Mr. Marshall, the state delegate who nearly won the GOP’s Senate nod in 2006 by packing a nominating convention with supporters, says Mr. Romney and Allen face a challenge of inspiring their party's activists.

“If it's Romney and Allen, there’s going to be little enthusiasm from the activists,” said Marshall, who has waged cultural and social-values battles in the Virginia legislature, in his hometown of Manassas on Tuesday.

“The difficulty [Romney] has is there are so many YouTube videos of him with different positions. What it says to the conservative activist is, ‘Do I want to sweat blood and tears to knock on the next 35 doors?’ because where is this guy’s real position?” he says.

Similar questions arise from the GOP’s restive tea party base.

“The real fear is not that those people won’t vote for Romney-Allen, because, good-golly, the alternative would be devastating. But the concern you have is the intensity of the ground game,” says Ms. Radtke, who leads the state’s largest tea party organization. “We in Virginia must have a top-notch ground game because we know what Obama’s capable of when it comes to his organizing.”

And then there are questions about Romney’s Mormon faith.

“Romney is not exciting to the Republican base,” says Bob Denton, a political scientist at Virginia Tech in Blacksbuurg, Va., who specializes in political communication. “You’re in the Bible Belt, and there are some interesting notions about Mormons.… If this is a real base kind of race, that hurts Allen for every [evangelical voter] that stays home, and that’s certainly more a factor in southside and southwest Virginia.”

That hesitancy over religion was evident among some voters on Tuesday.

“Being an evangelical Christian, I don’t like that he’s a Mormon…. I think it will affect him and his policies,” says Cathy Guskie, outside of her polling place in a suburb south of Richmond.
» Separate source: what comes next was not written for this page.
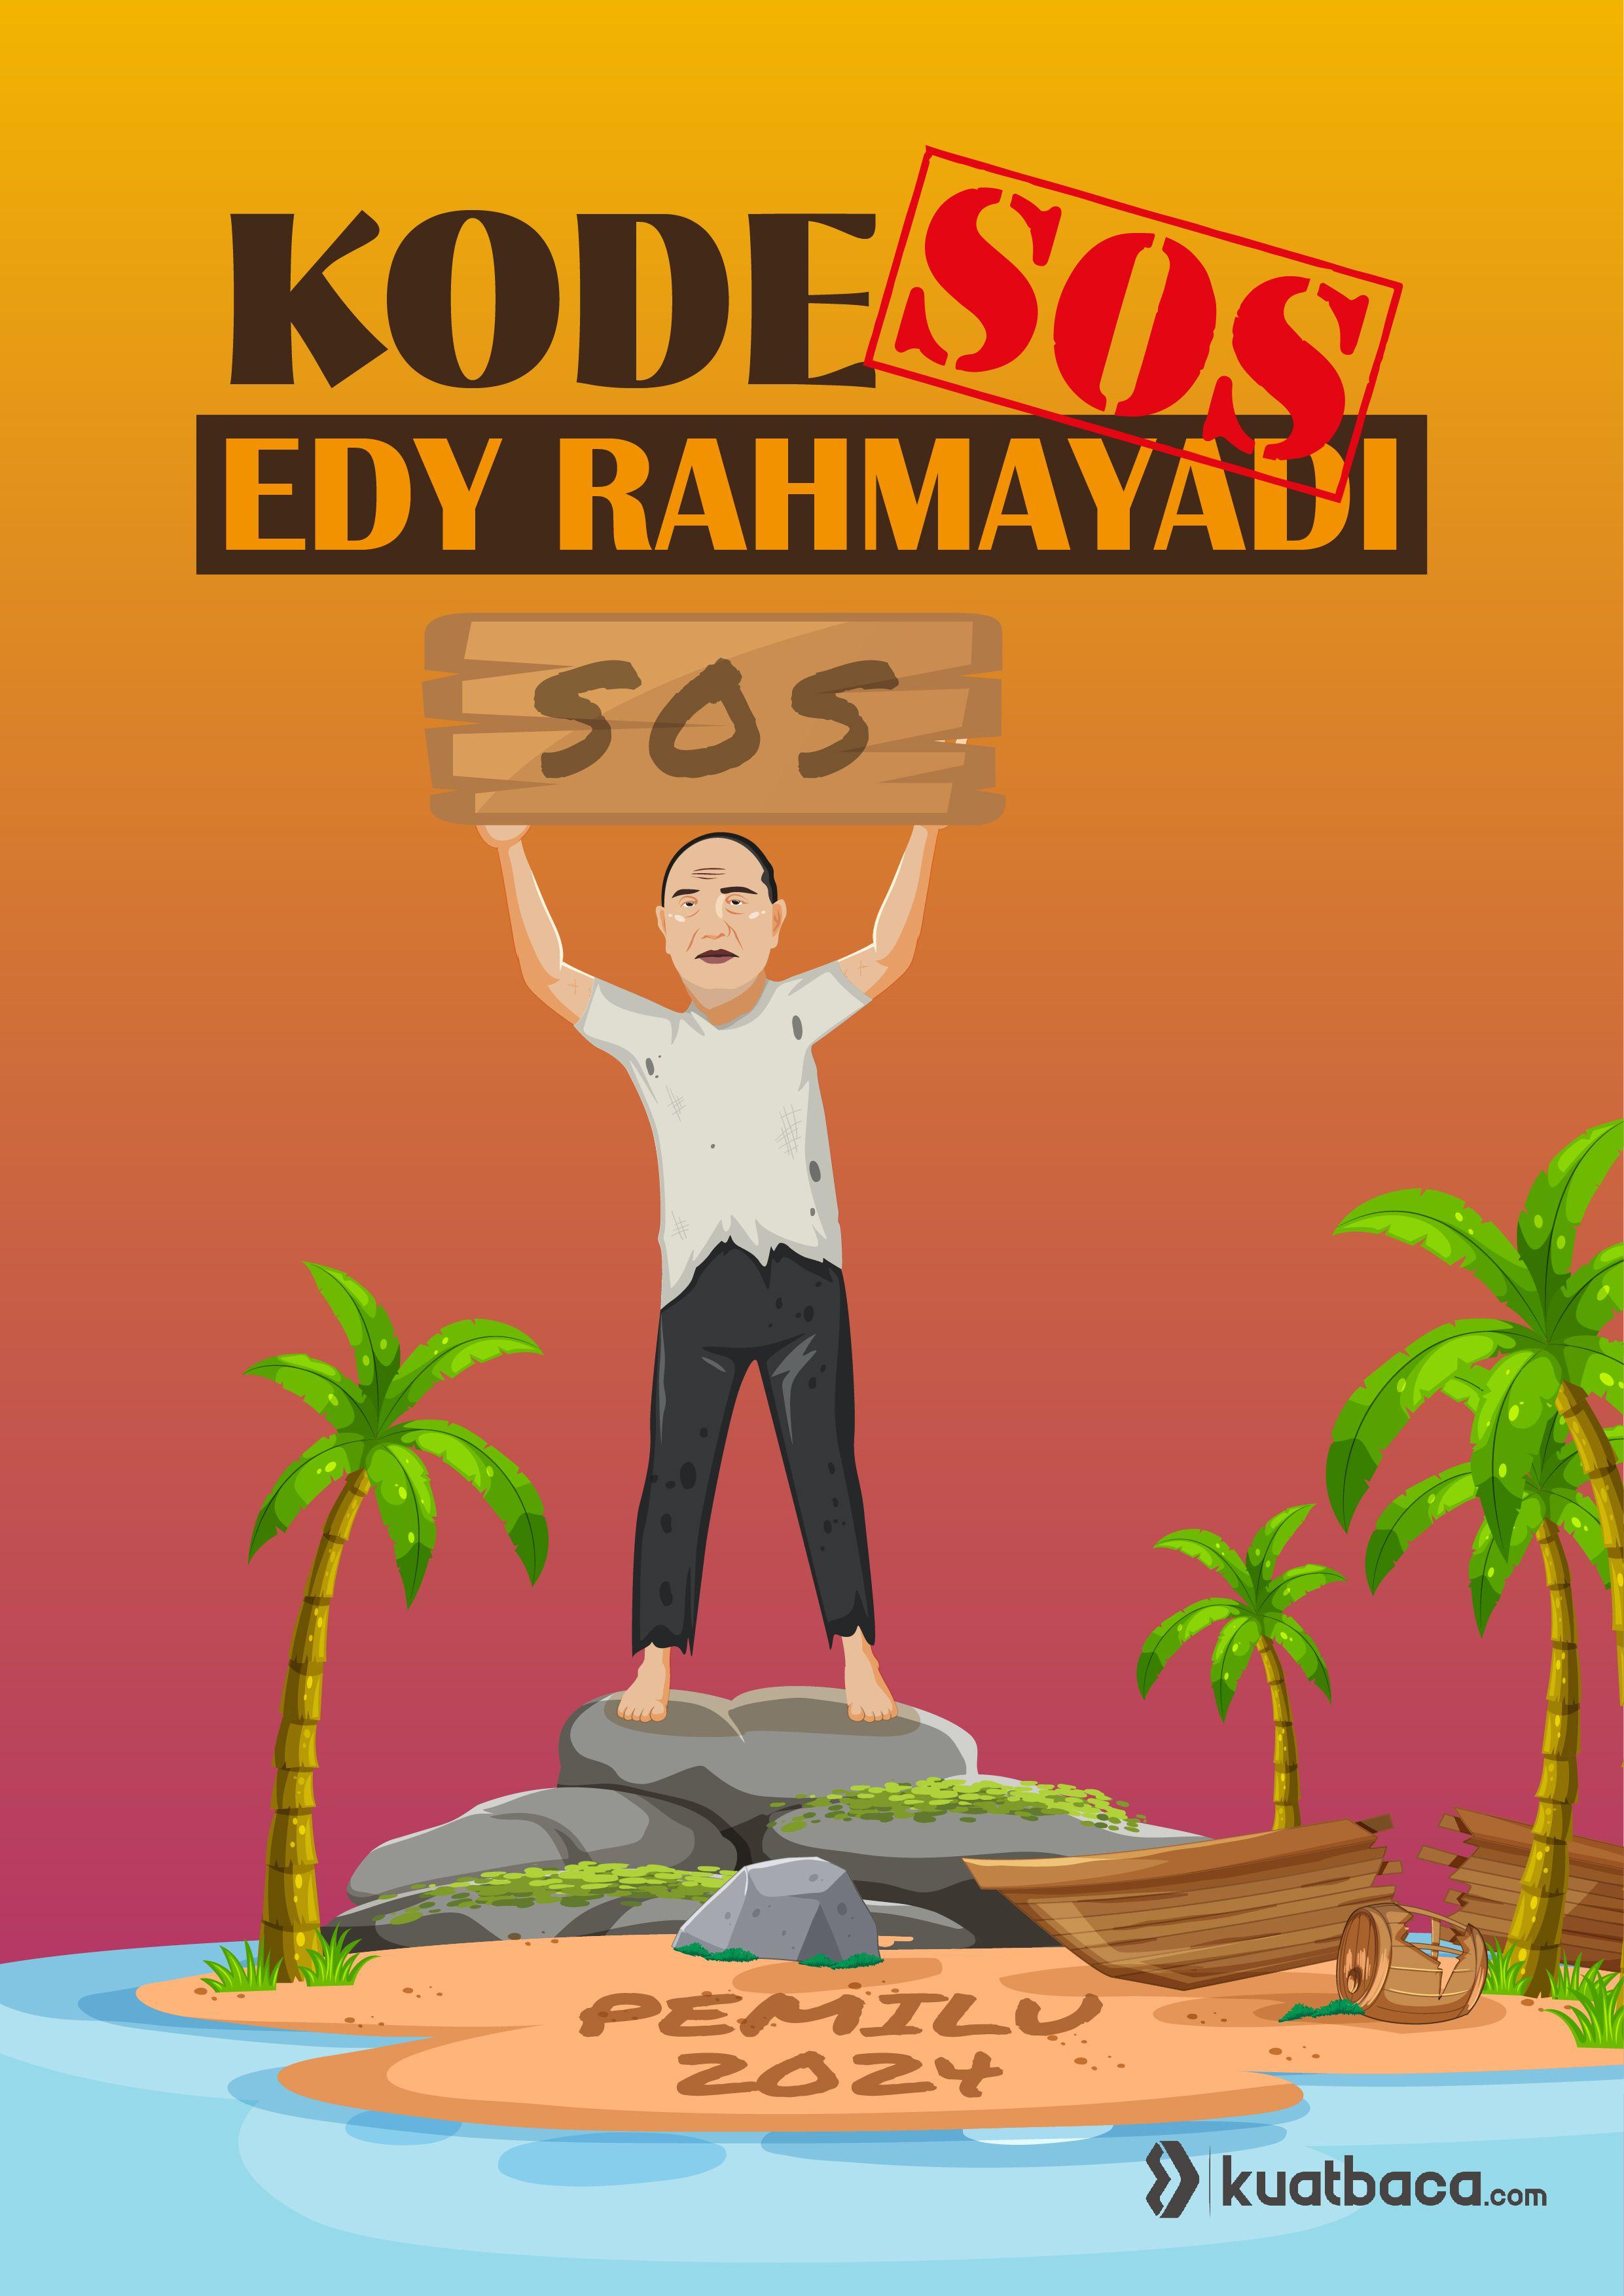 Kode SOS Edy Rahmayadi

Still, there will be plenty of support for both Allen and Romney among the party faithful.

Andrew Northend of Arlington, Va., said he “tends to be more sympathetic” to tea party critiques of many Republican politicians, but he expects his friends will turn out for Allen and Romney in November because they’re dissatisfied with Obama.

“People who are conservative are going to vote in November, come hell or high water," Mr. Northend says. "They will slog through snow or stand in the rain."
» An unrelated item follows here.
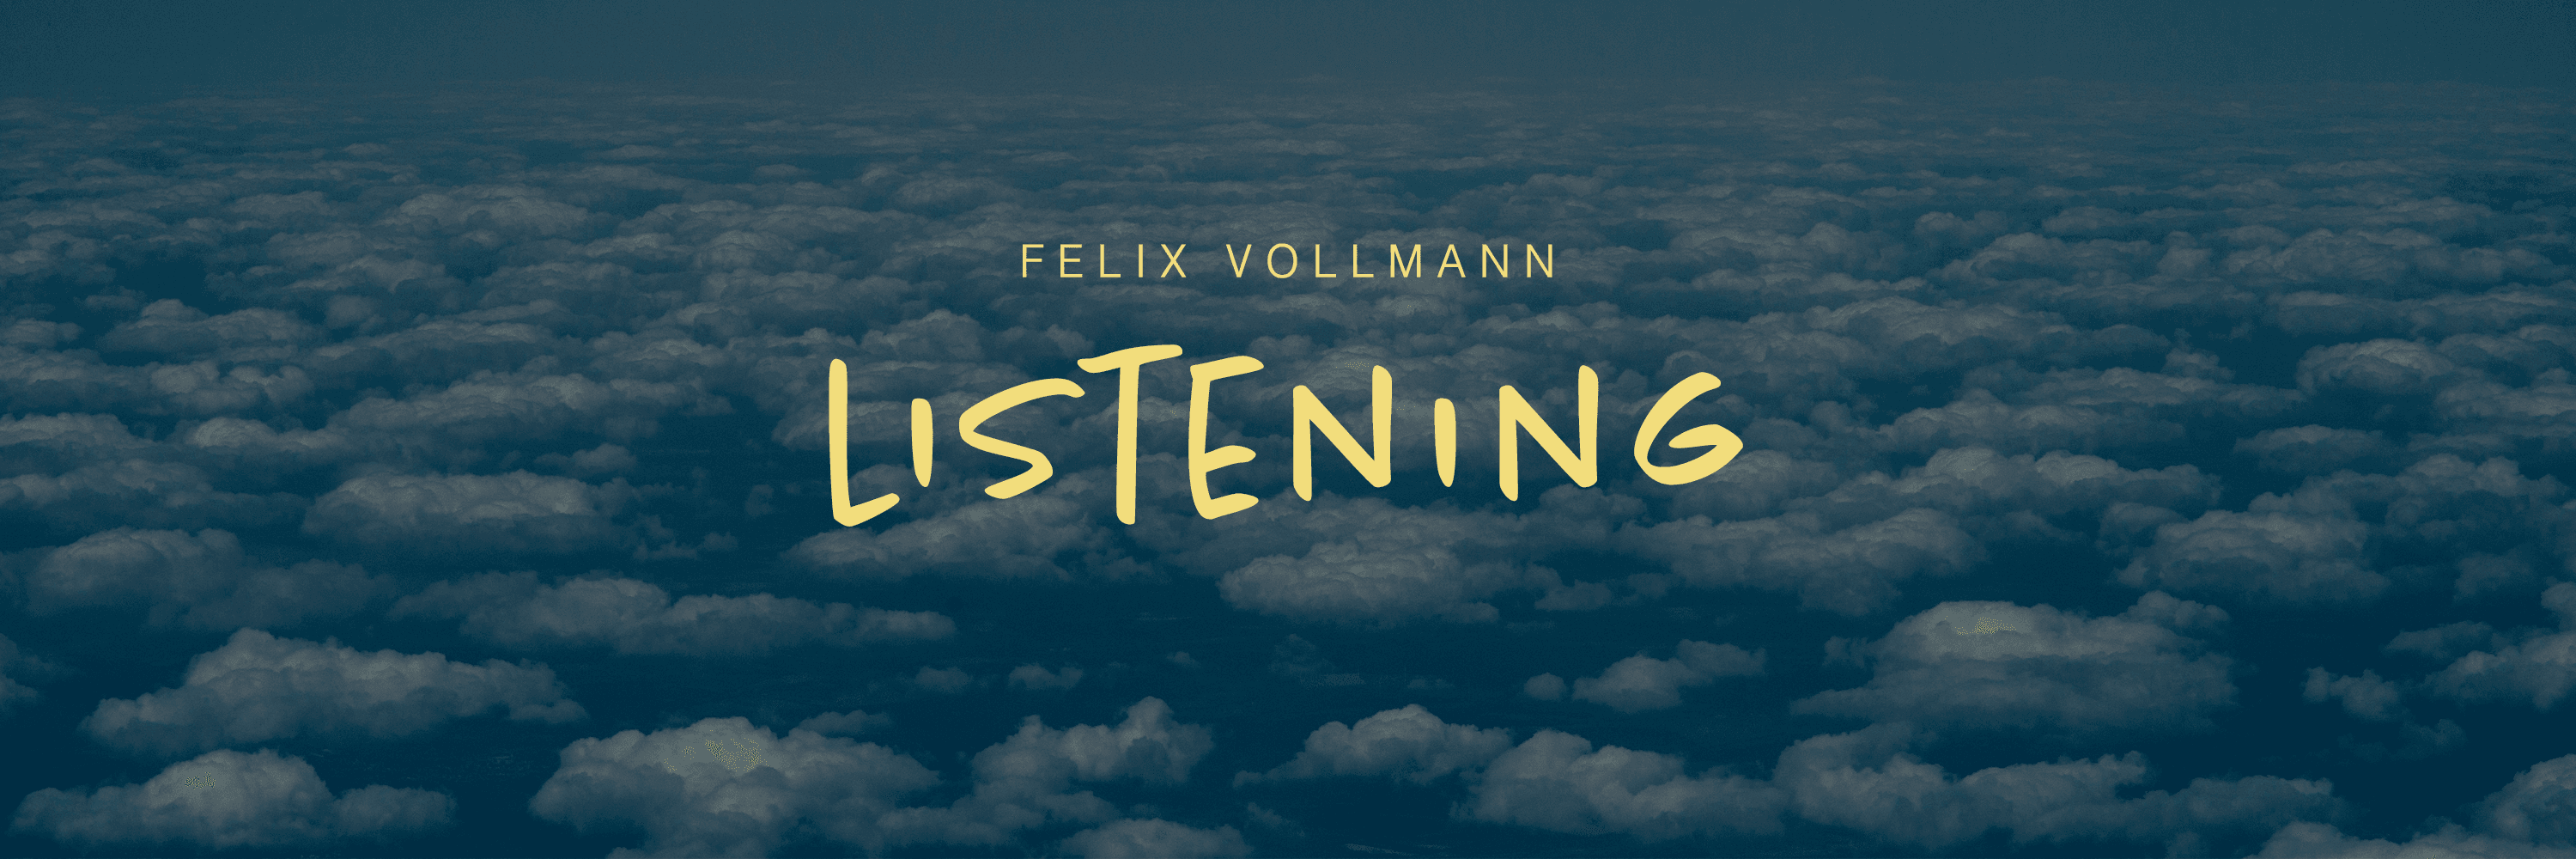 Listening by Felix Vollmann

Democrats, too, will need to fire up their base. Since a surge of enthusiasm powered Obama to his Virginia victory in 2008 (the first by a Democrat since 1964), much of the luster has come off his message of hope and change.
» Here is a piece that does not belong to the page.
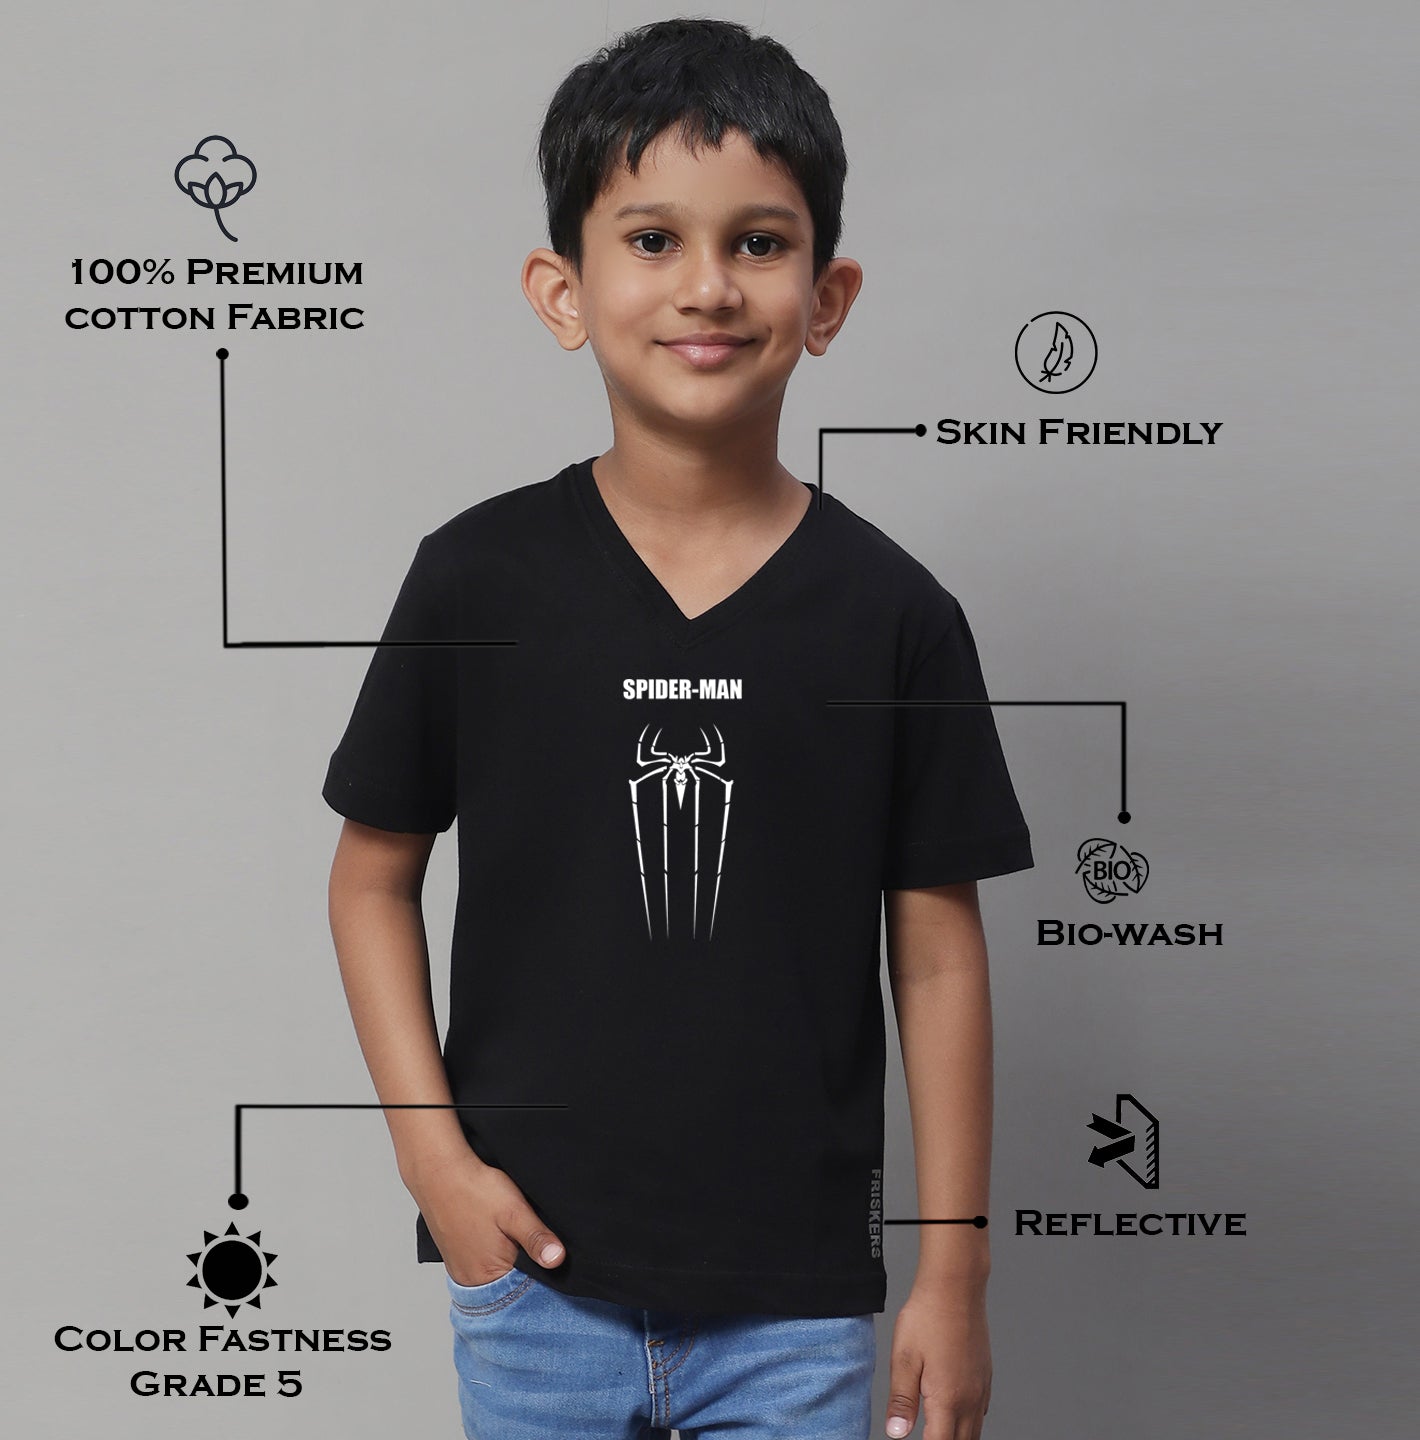 Boys Spiderman Half Sleeves Printed T-Shirt - Friskers

Getting city voters and young voters to be as inspired as they were in 2008 is not going to be easy, says Bernie Vogelgesang, chairman of the Chesterfield Democratic Committee.

“It’s going to be harder getting the intensity level and the excitement level up again – with the economy being down and people’s perceptions that [Obama] is not doing enough – even though I think he is,” he says.

The sentiment was the same among some voters in the Democratic stronghold of Arlington, Va., a suburb abutting Washington, D.C.

“They just don’t make Democrats the way I like them anymore,” says Sally Broome of Arlington, Va., an Obama supporter who nonetheless feels Obama hasn’t kept many of his promises from the 2008 campaign.